### Requirement
Please repeat, exactly as they stand, the line containing "LEONARDO DA Vinciprogress" and the lines after it through the final line of the listing below, minus pictures.

### Given material
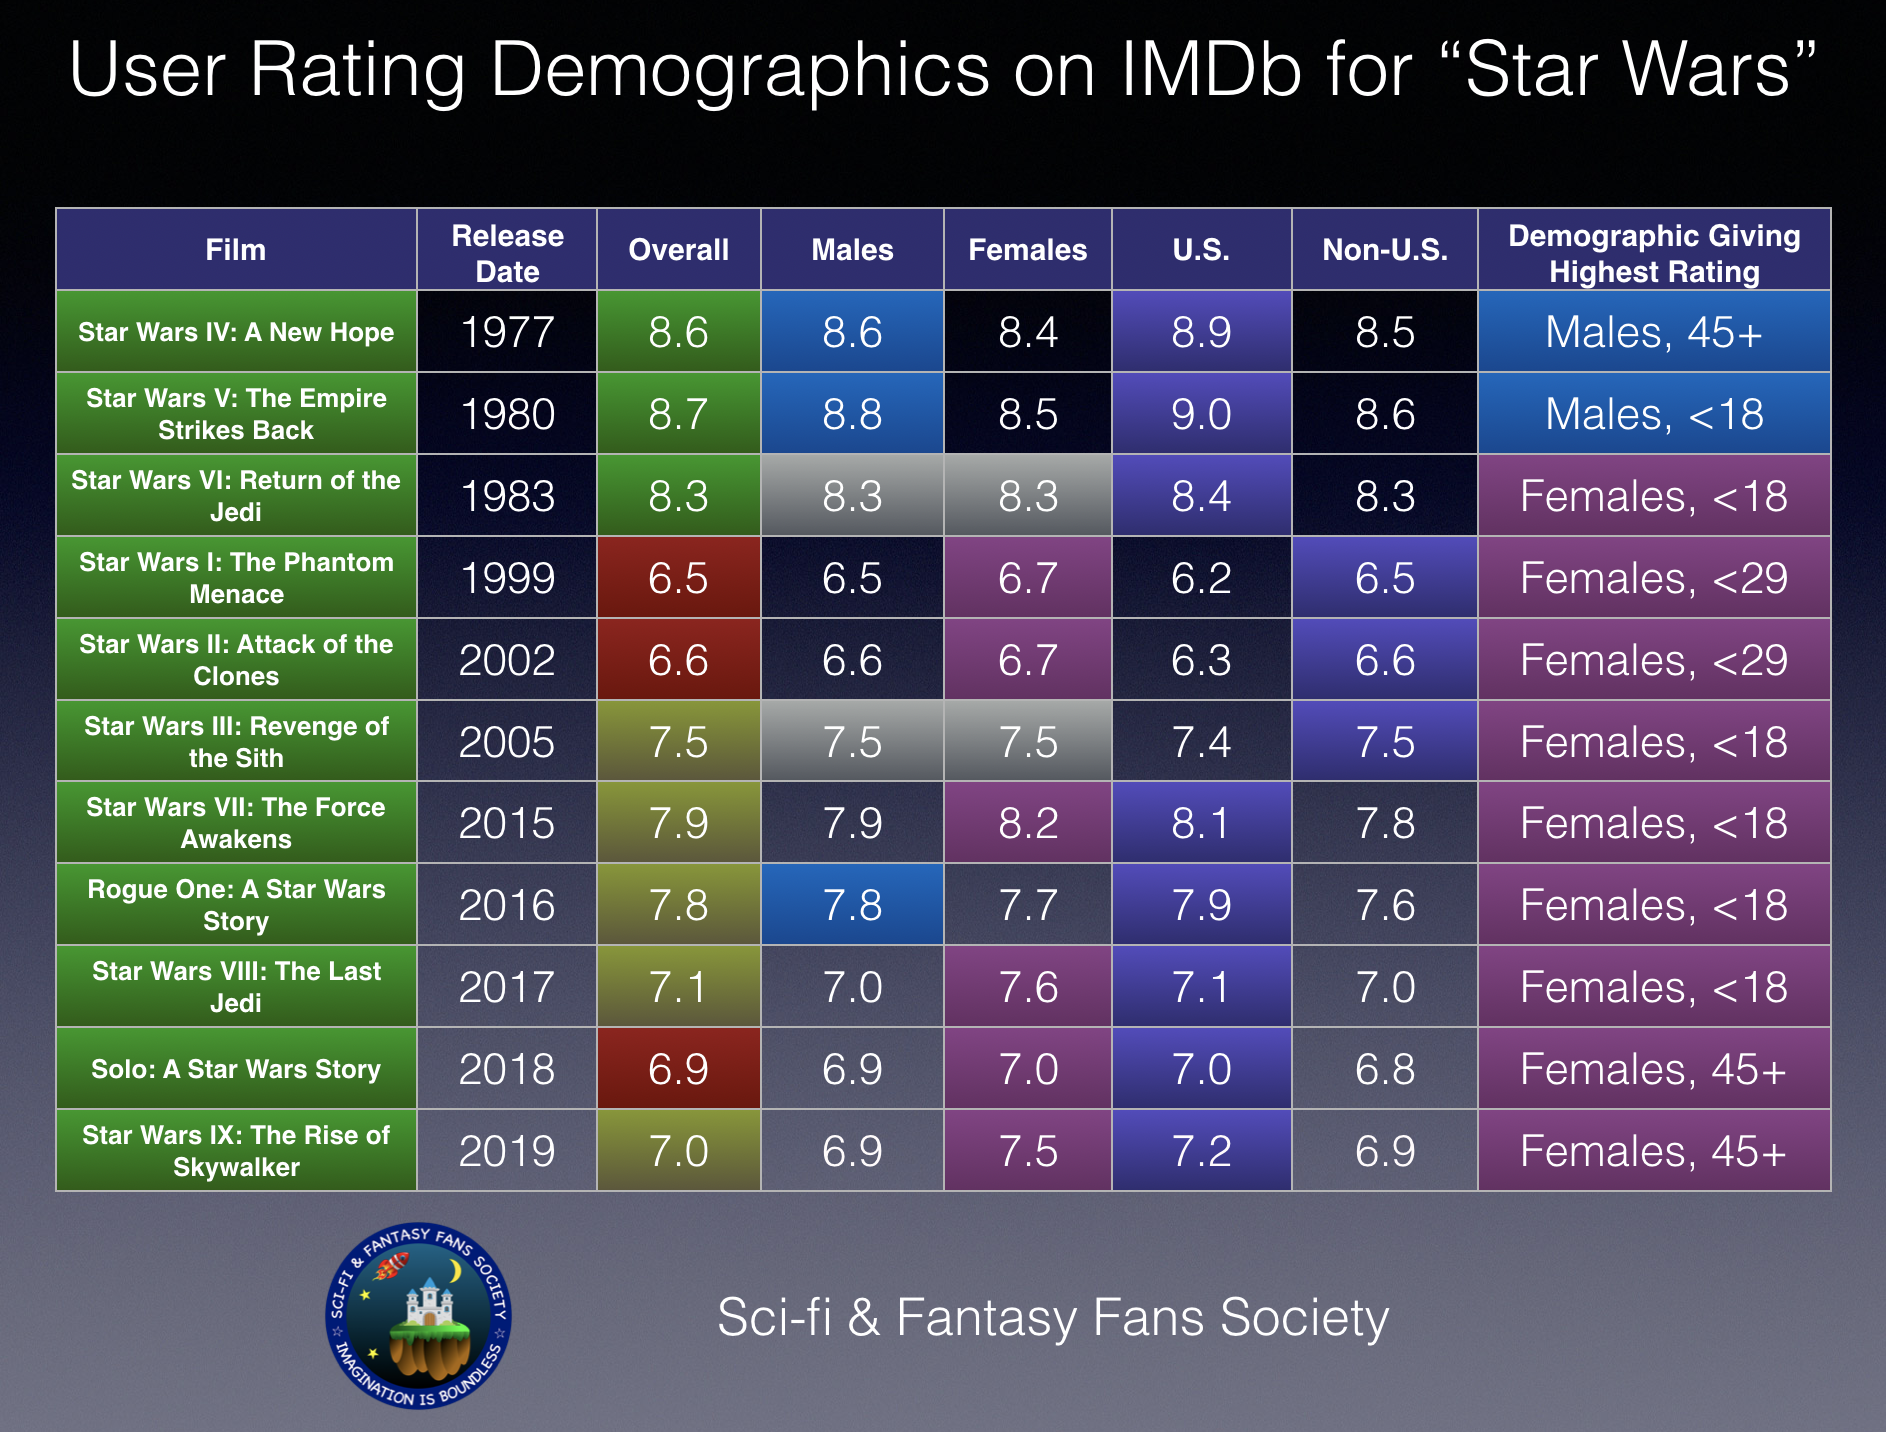 User Rating Demographics on IMDb for "Star Wars" Films
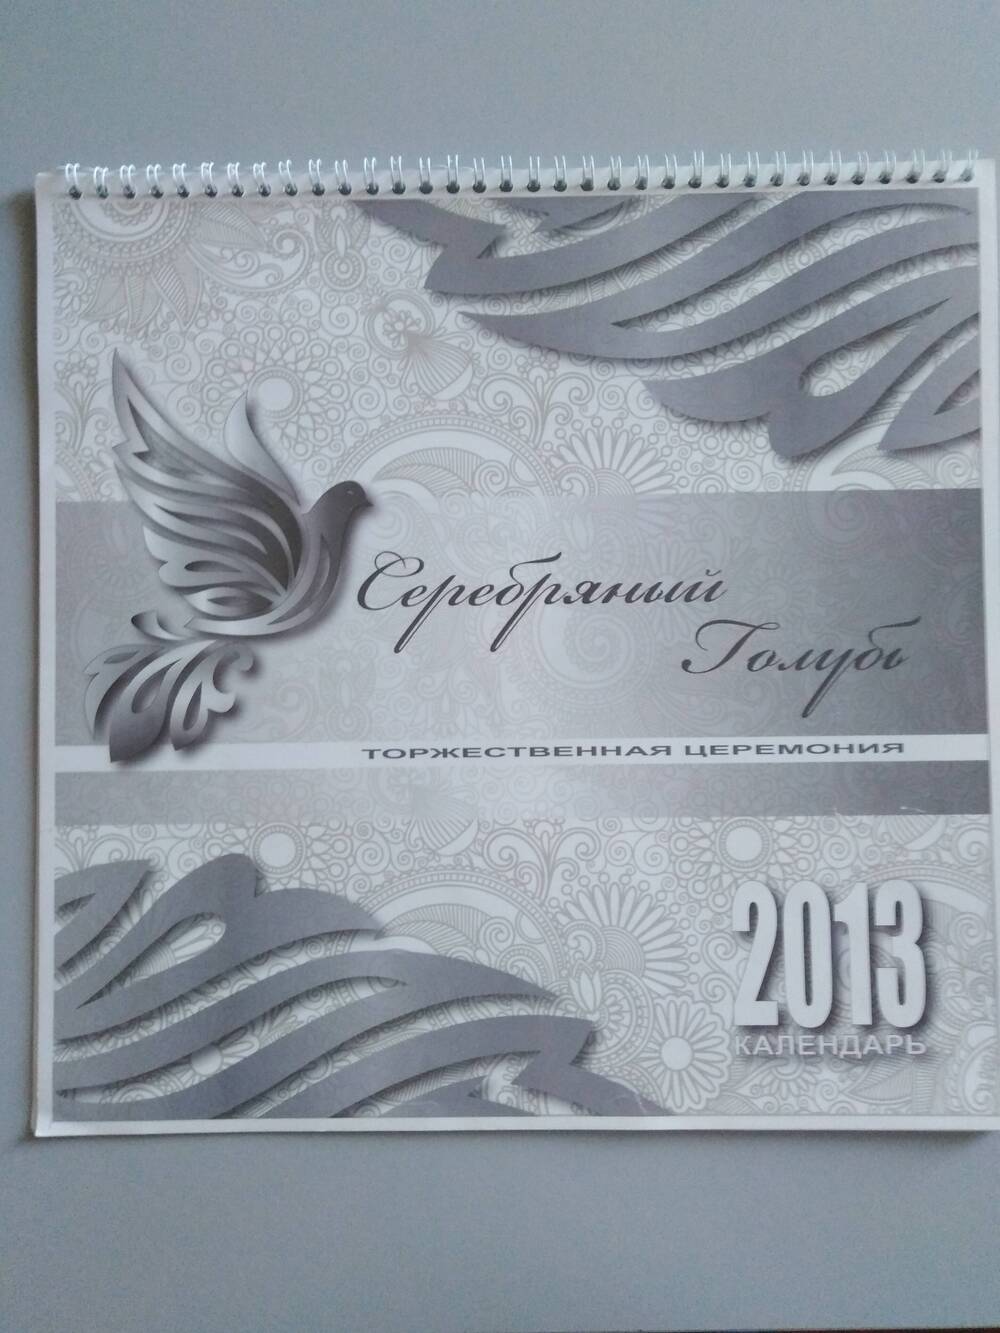 Альбом-календарь «Серебряный голубь» на 2013 г.
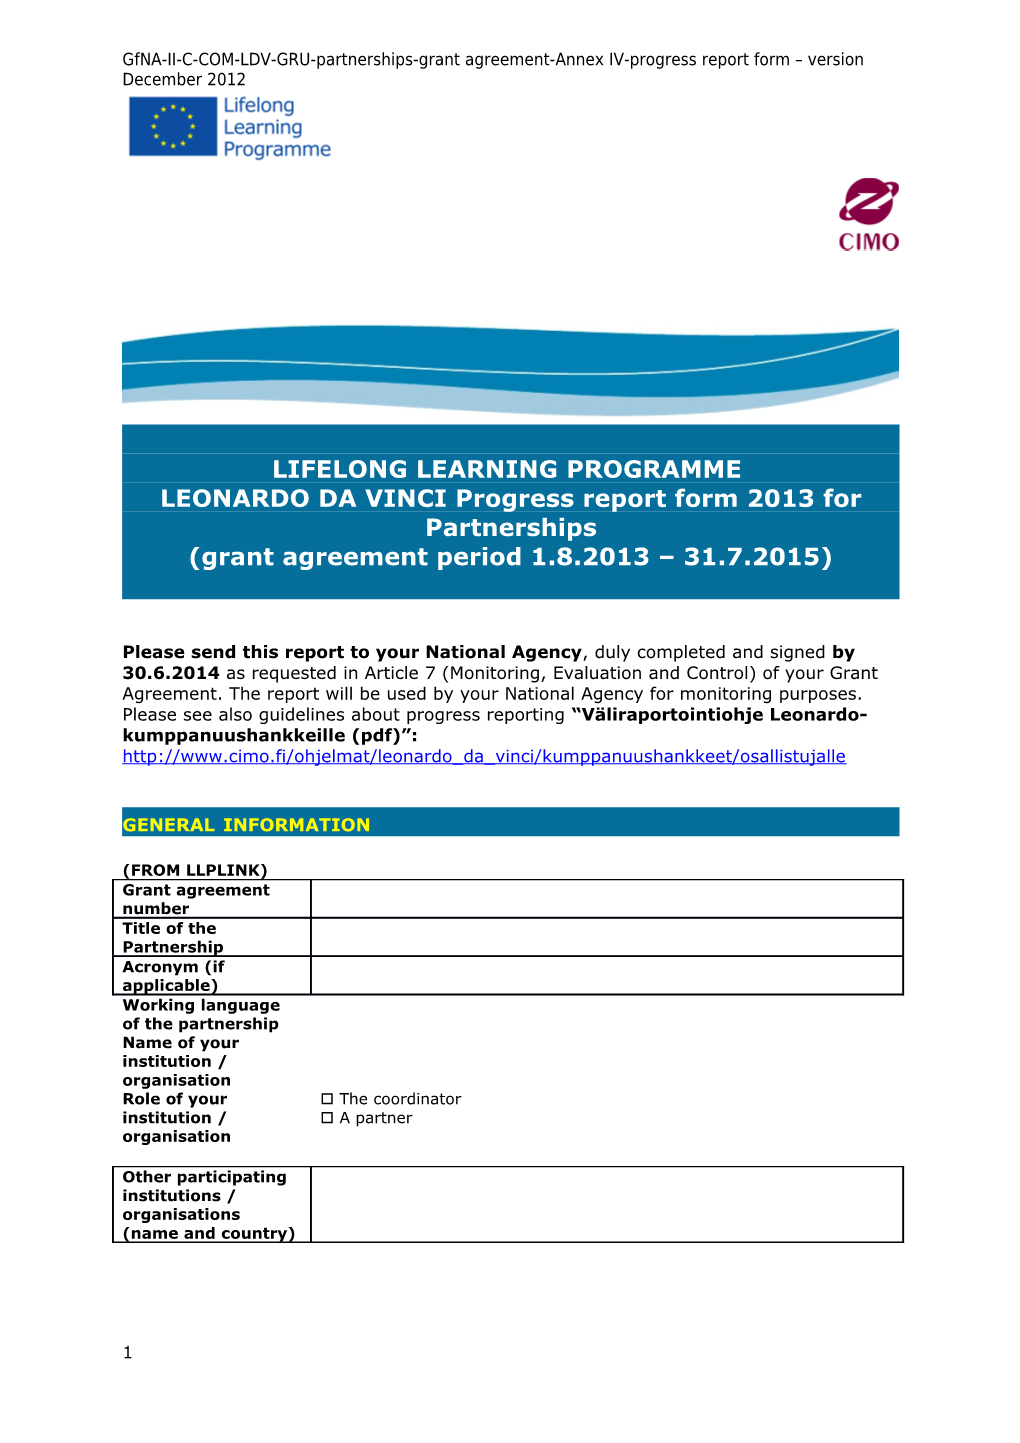 LEONARDO DA Vinciprogress Report Form 2013For
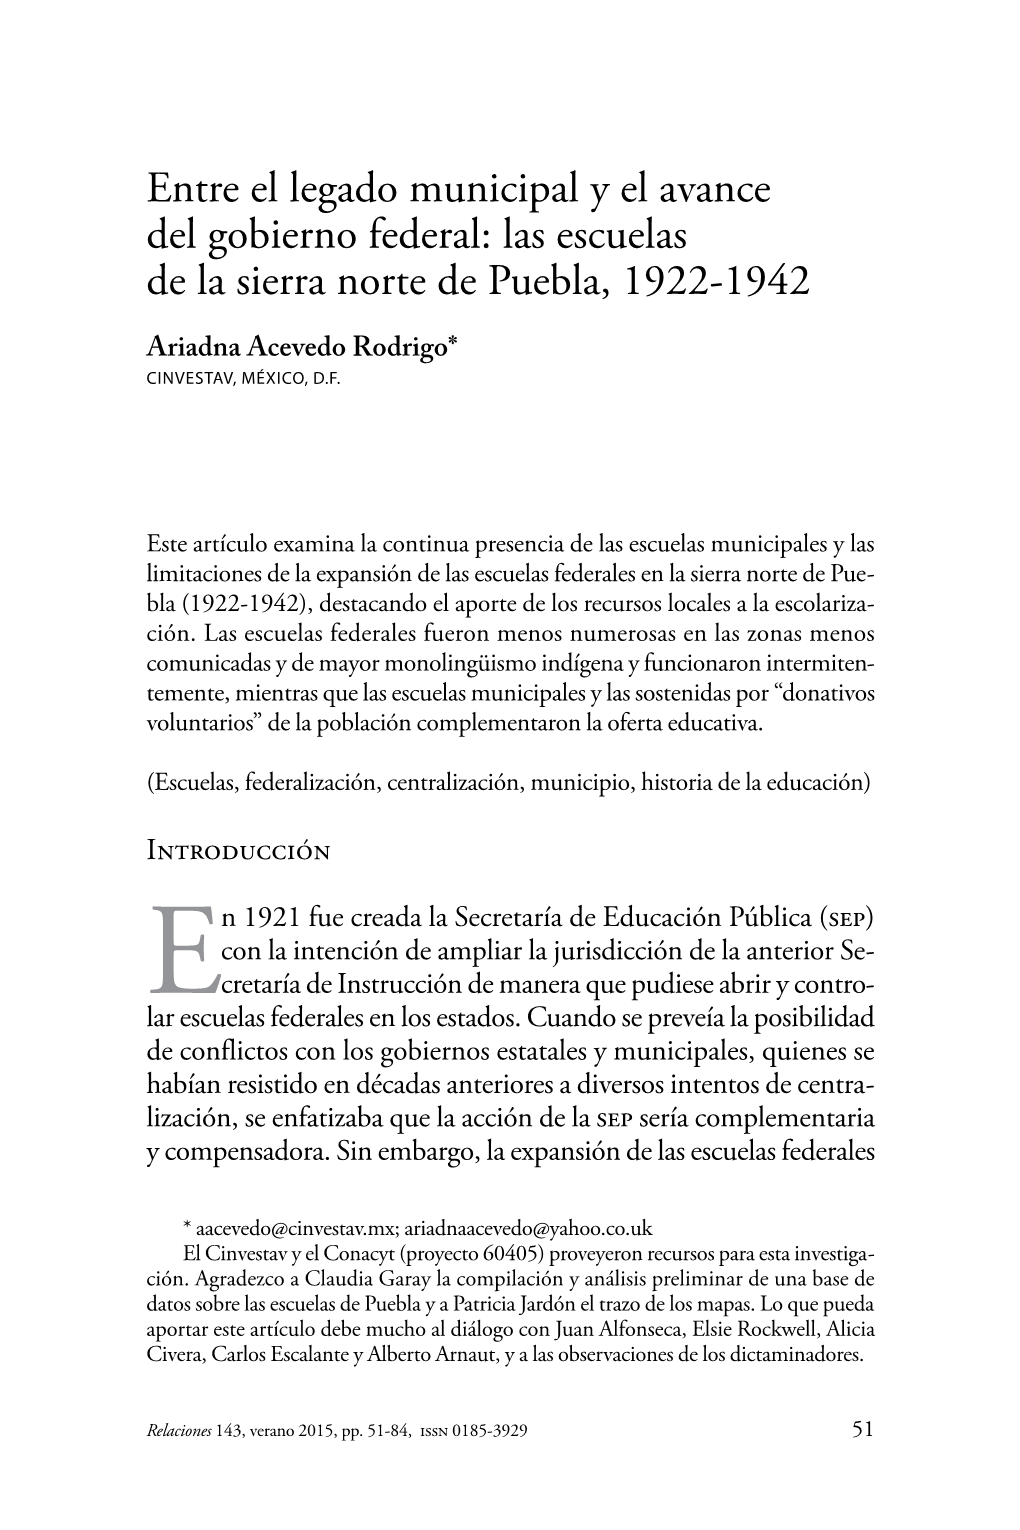 Entre El Legado Municipal Y El Avance Del Gobierno Federal: Las Escuelas De La Sierra Norte De Puebla, 1922-1942

### Result for this task
 LEONARDO DA Vinciprogress Report Form 2013For
 Entre El Legado Municipal Y El Avance Del Gobierno Federal: Las Escuelas De La Sierra Norte De Puebla, 1922-1942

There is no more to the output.